**WHAT THE TASK ASKS**
Go through the records and set each one down exactly, skipping any picture.

*** Opening TASK INPUTS ***

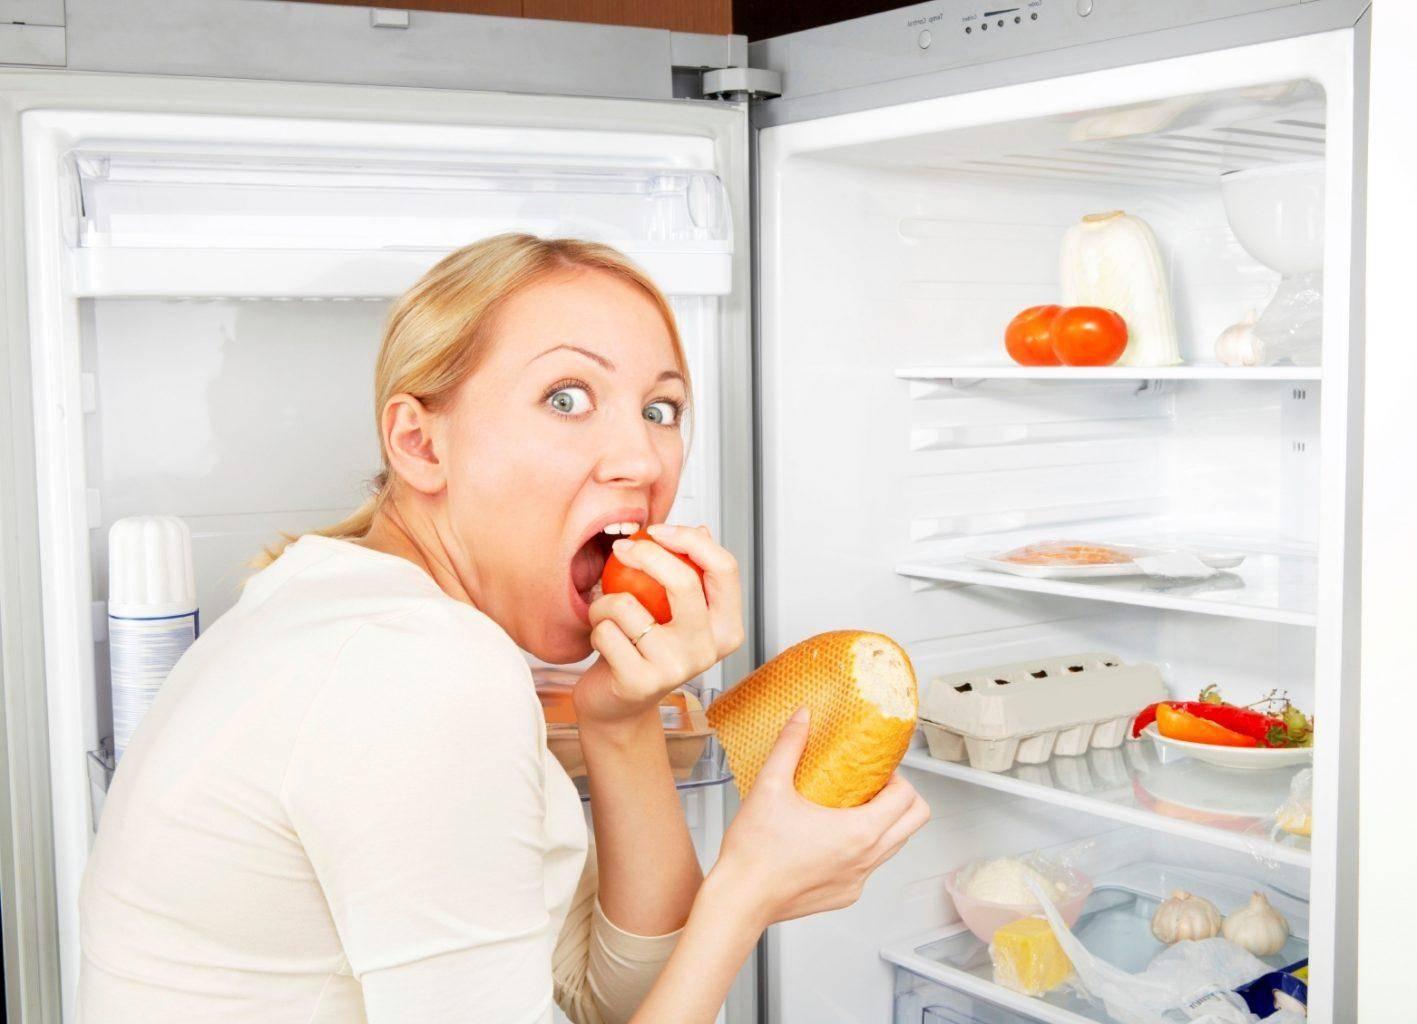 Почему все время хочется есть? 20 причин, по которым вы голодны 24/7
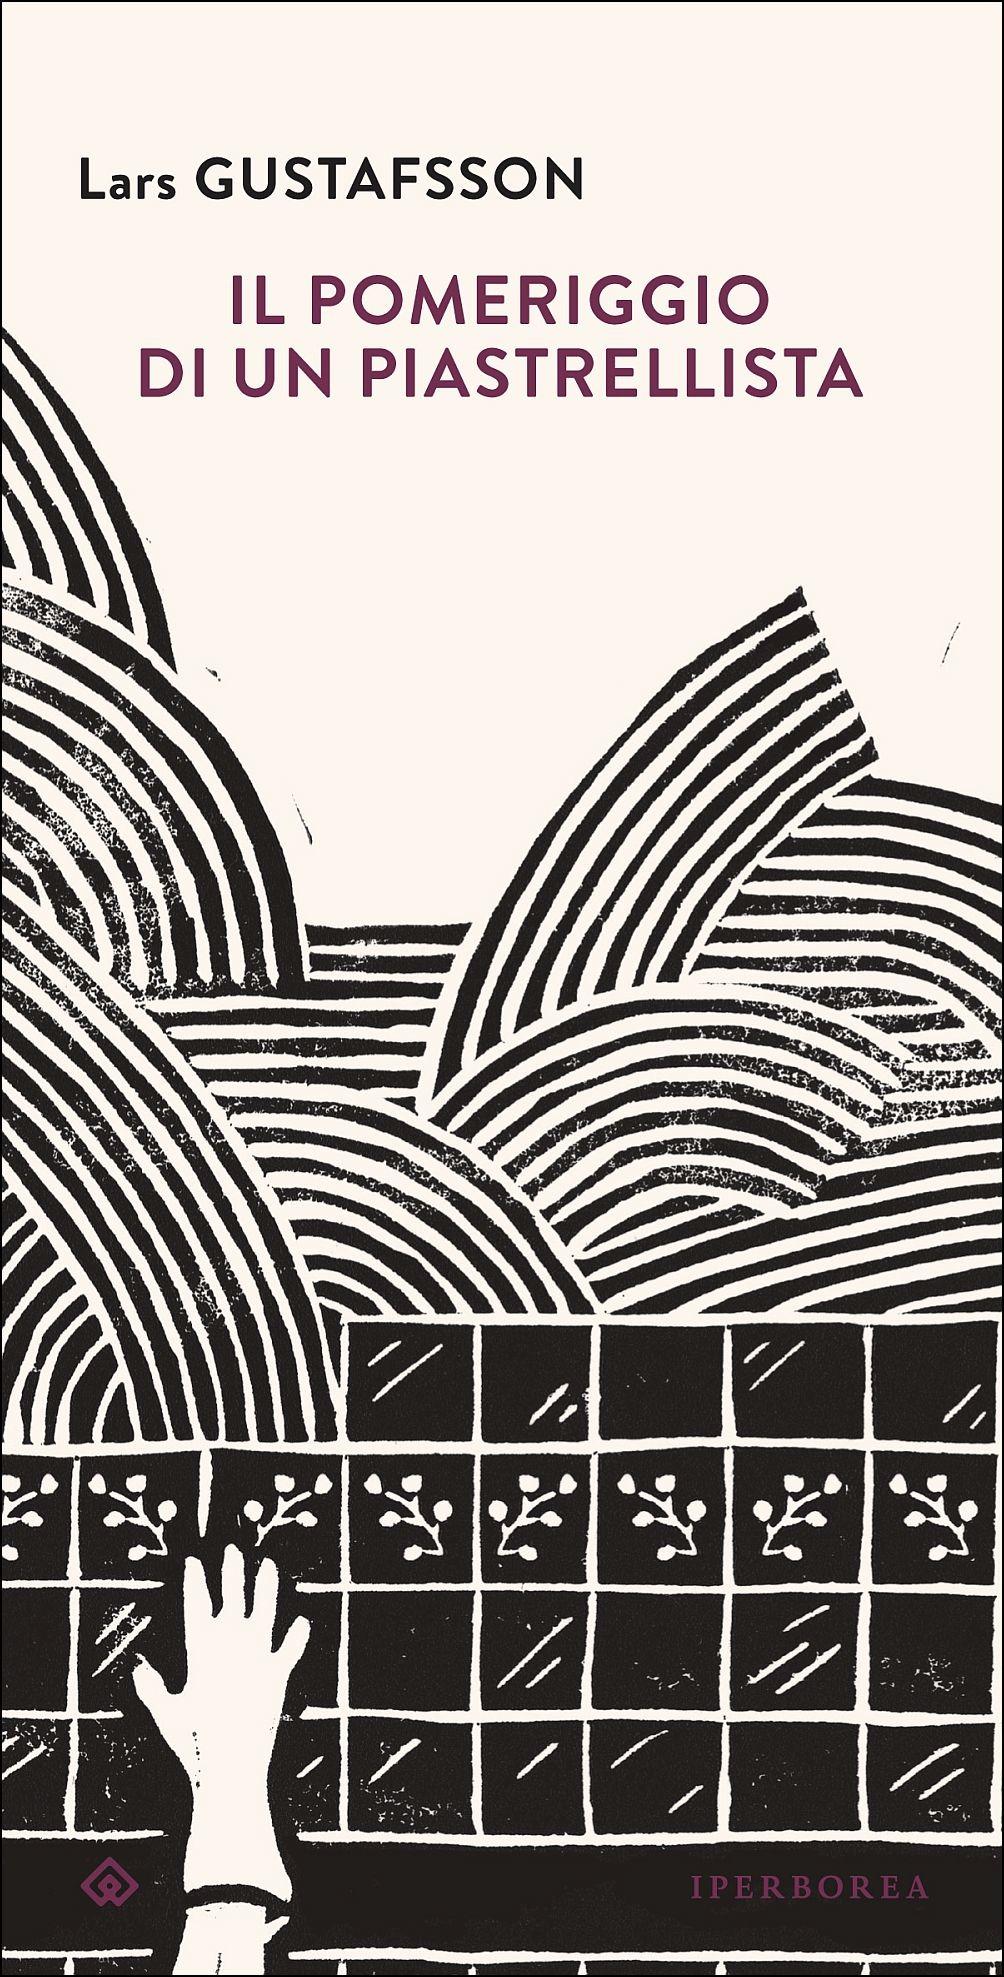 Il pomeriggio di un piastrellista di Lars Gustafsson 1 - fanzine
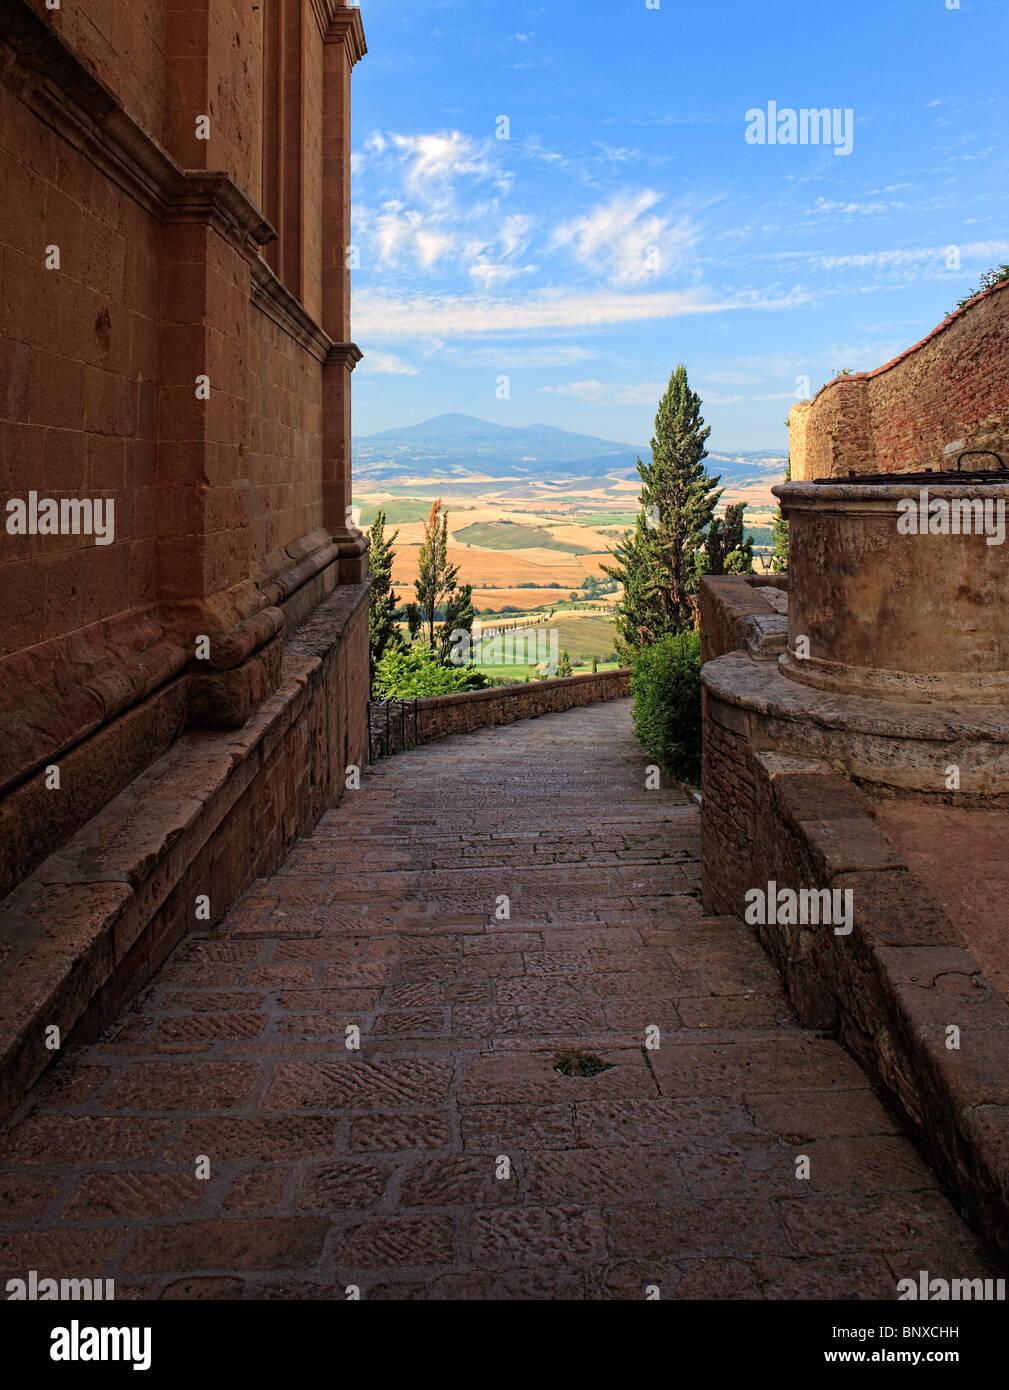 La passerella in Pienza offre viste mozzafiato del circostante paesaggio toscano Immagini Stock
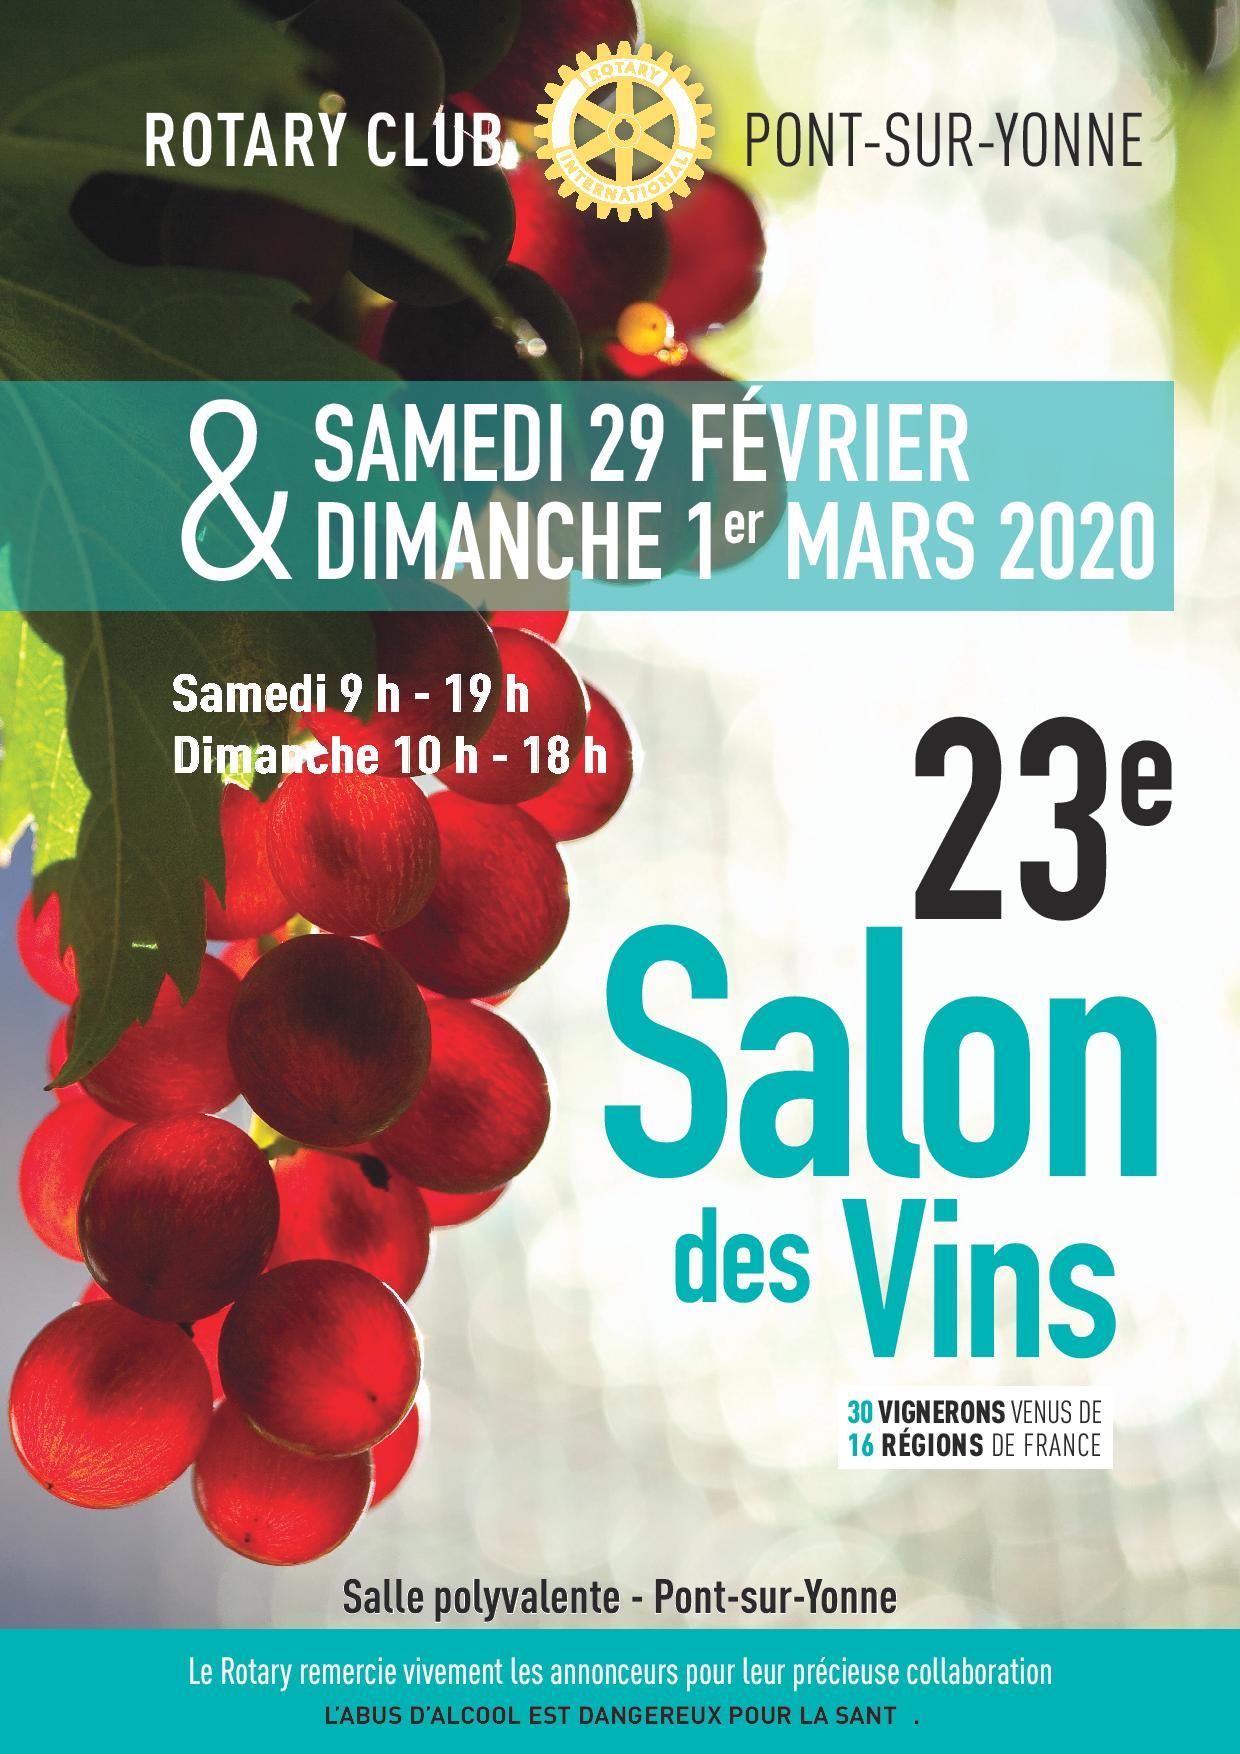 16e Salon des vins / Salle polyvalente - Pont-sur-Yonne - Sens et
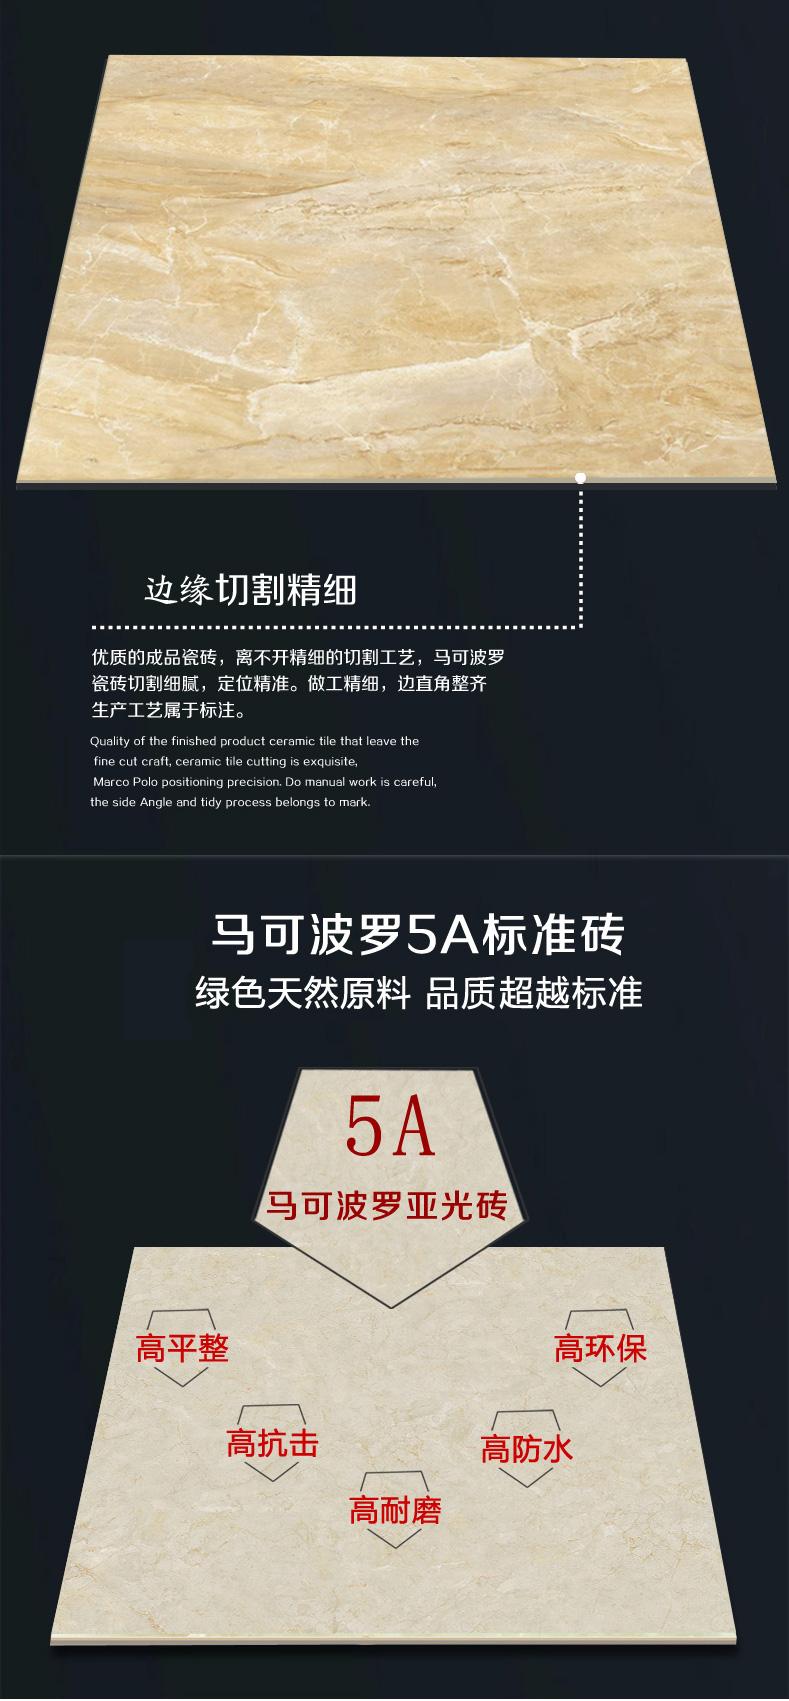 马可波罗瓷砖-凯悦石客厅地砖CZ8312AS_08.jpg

*** Closing TASK INPUTS ***

**YOUR RESPONSE**
 Почему все время хочется есть? 20 причин, по которым вы голодны 24/7
 Il pomeriggio di un piastrellista di Lars Gustafsson 1 - fanzine
 La passerella in Pienza offre viste mozzafiato del circostante paesaggio toscano Immagini Stock
 16e Salon des vins / Salle polyvalente - Pont-sur-Yonne - Sens et
 马可波罗瓷砖-凯悦石客厅地砖CZ8312AS_08.jpg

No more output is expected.